_Assignment_: Where the lines below hold images, skip those and copy every word exactly.

_Recorded data_:
▬▬▬▬▬▬
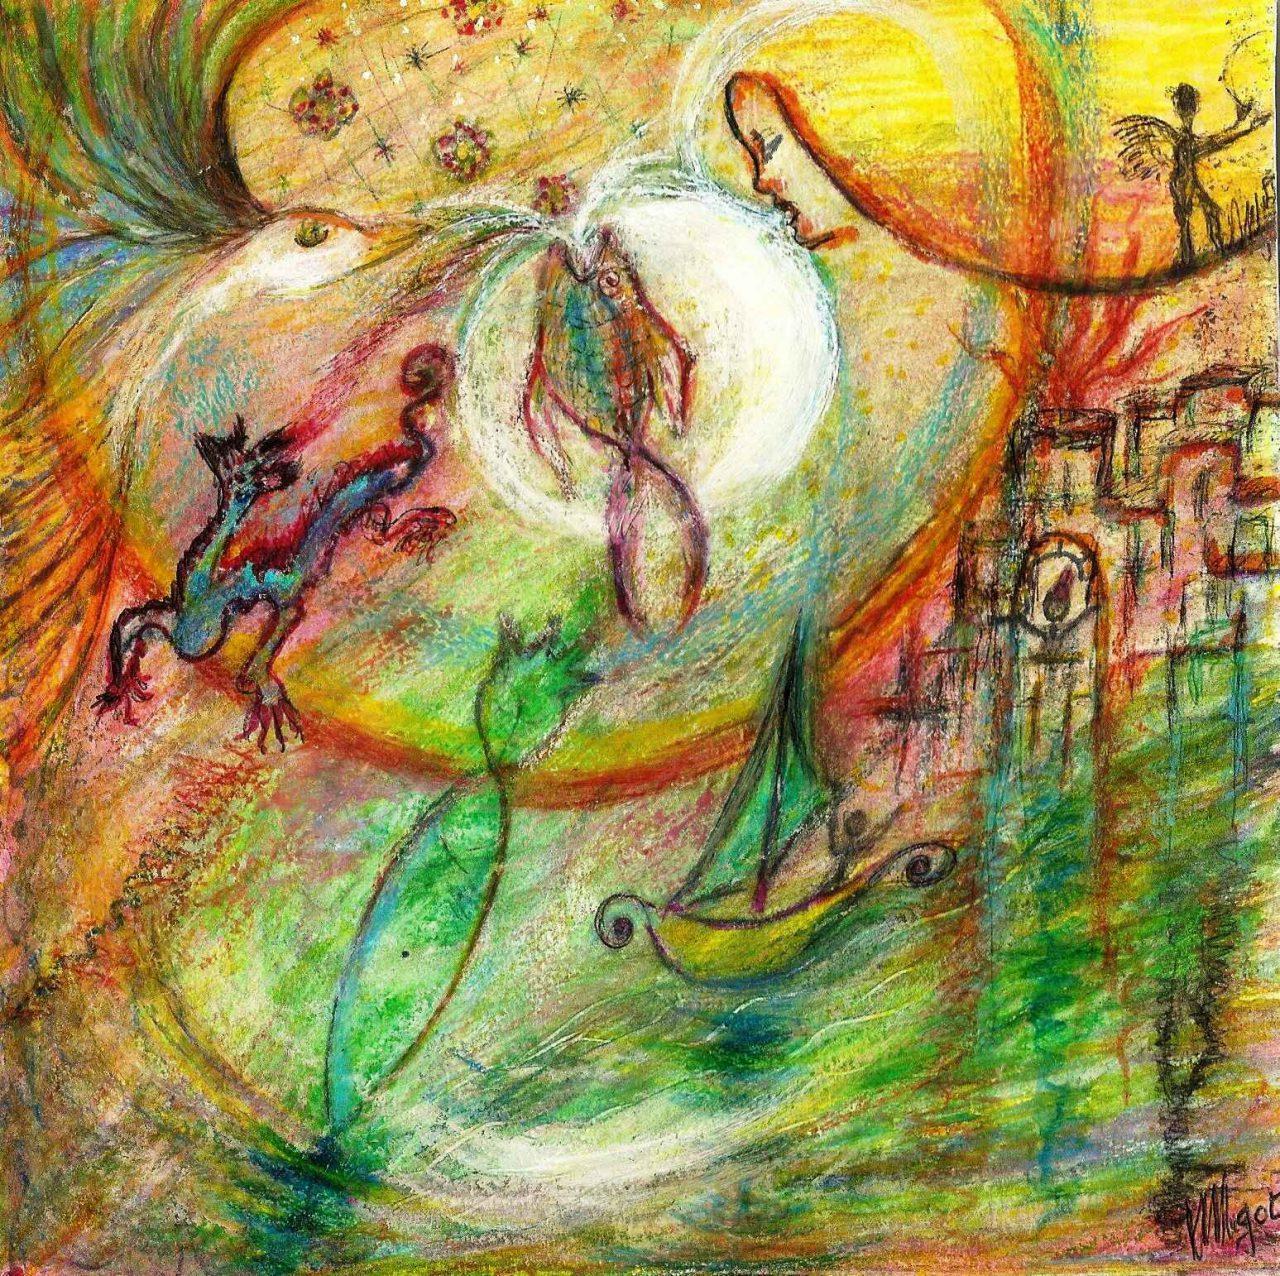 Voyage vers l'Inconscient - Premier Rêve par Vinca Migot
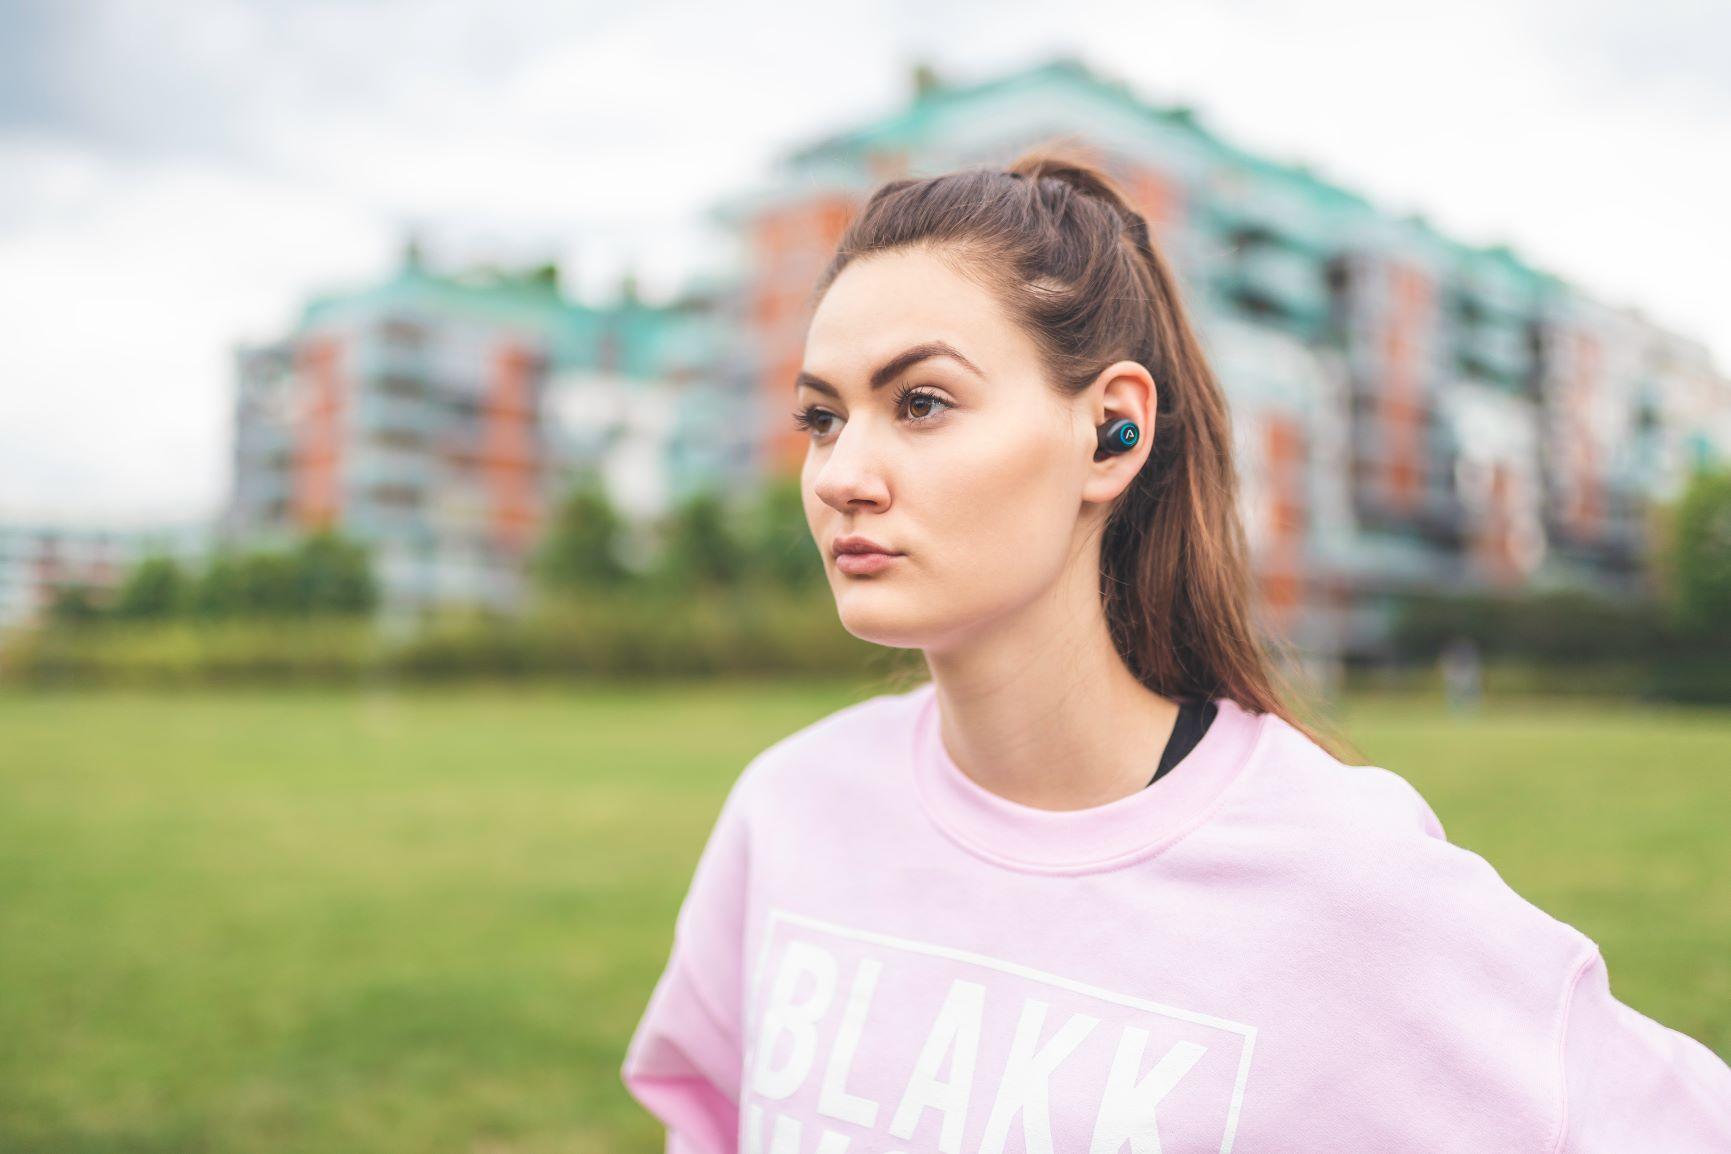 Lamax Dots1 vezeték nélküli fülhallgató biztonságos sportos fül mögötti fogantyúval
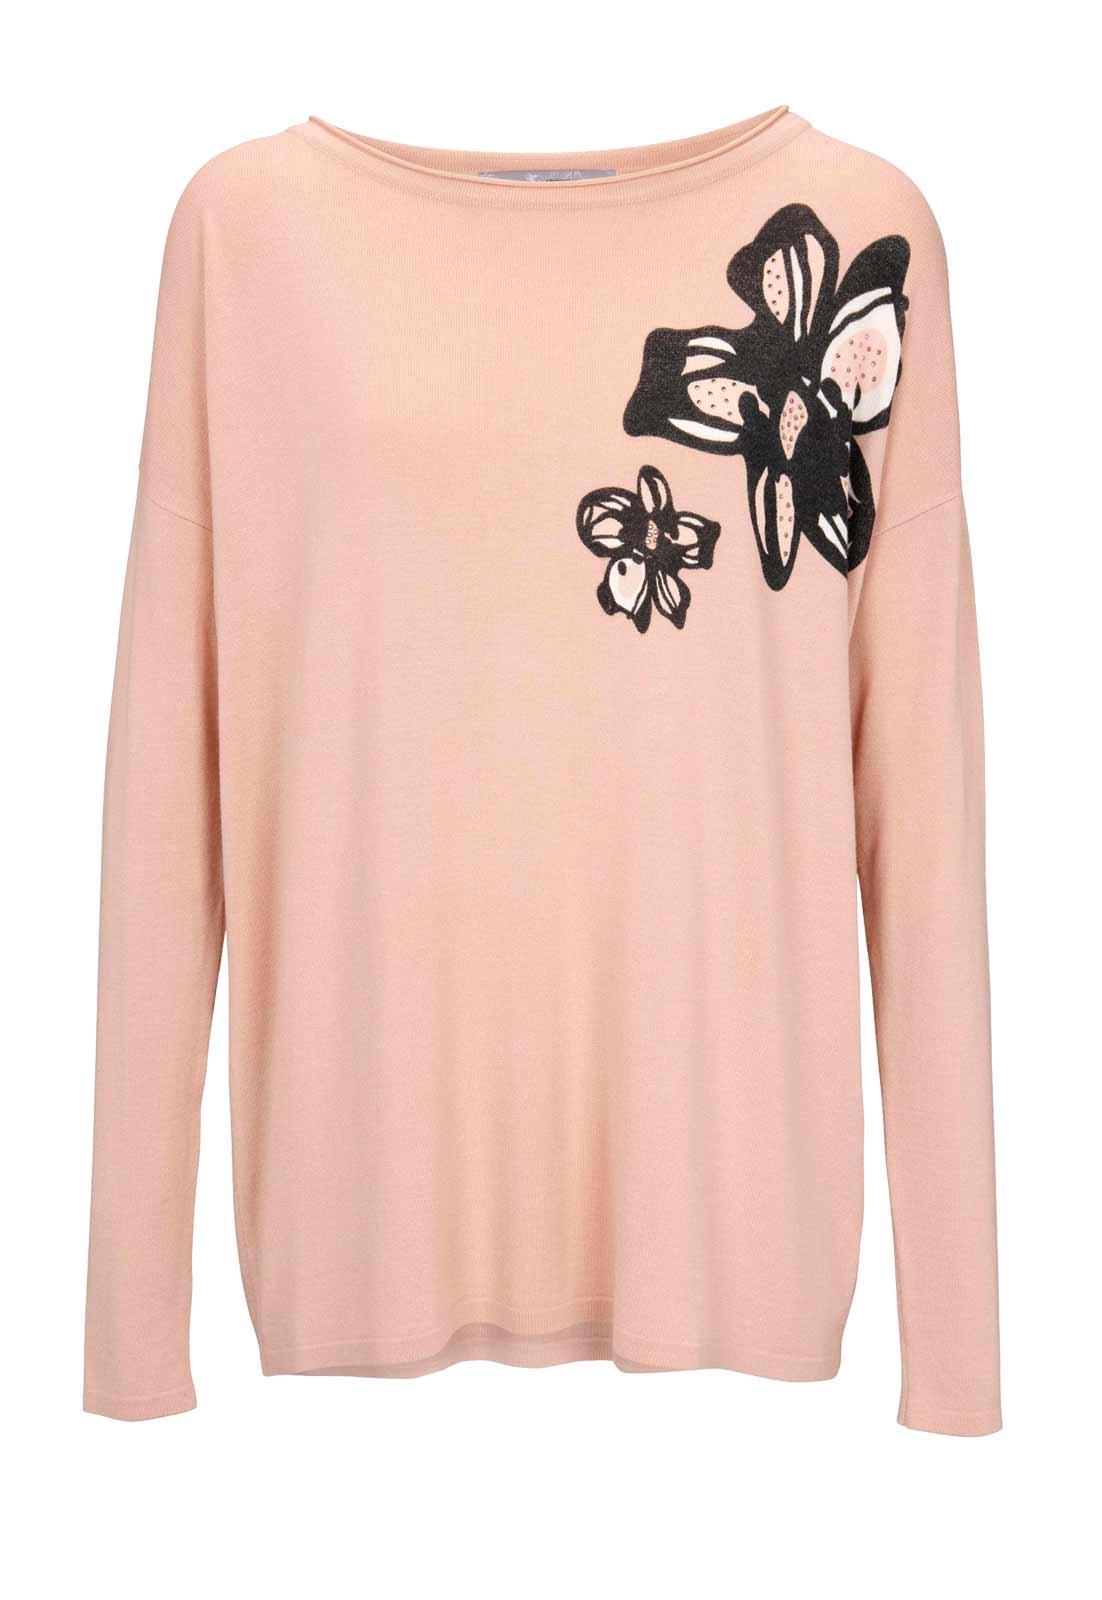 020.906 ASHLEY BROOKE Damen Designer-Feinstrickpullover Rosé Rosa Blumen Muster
▬▬▬▬▬▬
_Response to the exercise_:
 Voyage vers l'Inconscient - Premier Rêve par Vinca Migot
 Lamax Dots1 vezeték nélküli fülhallgató biztonságos sportos fül mögötti fogantyúval
 020.906 ASHLEY BROOKE Damen Designer-Feinstrickpullover Rosé Rosa Blumen Muster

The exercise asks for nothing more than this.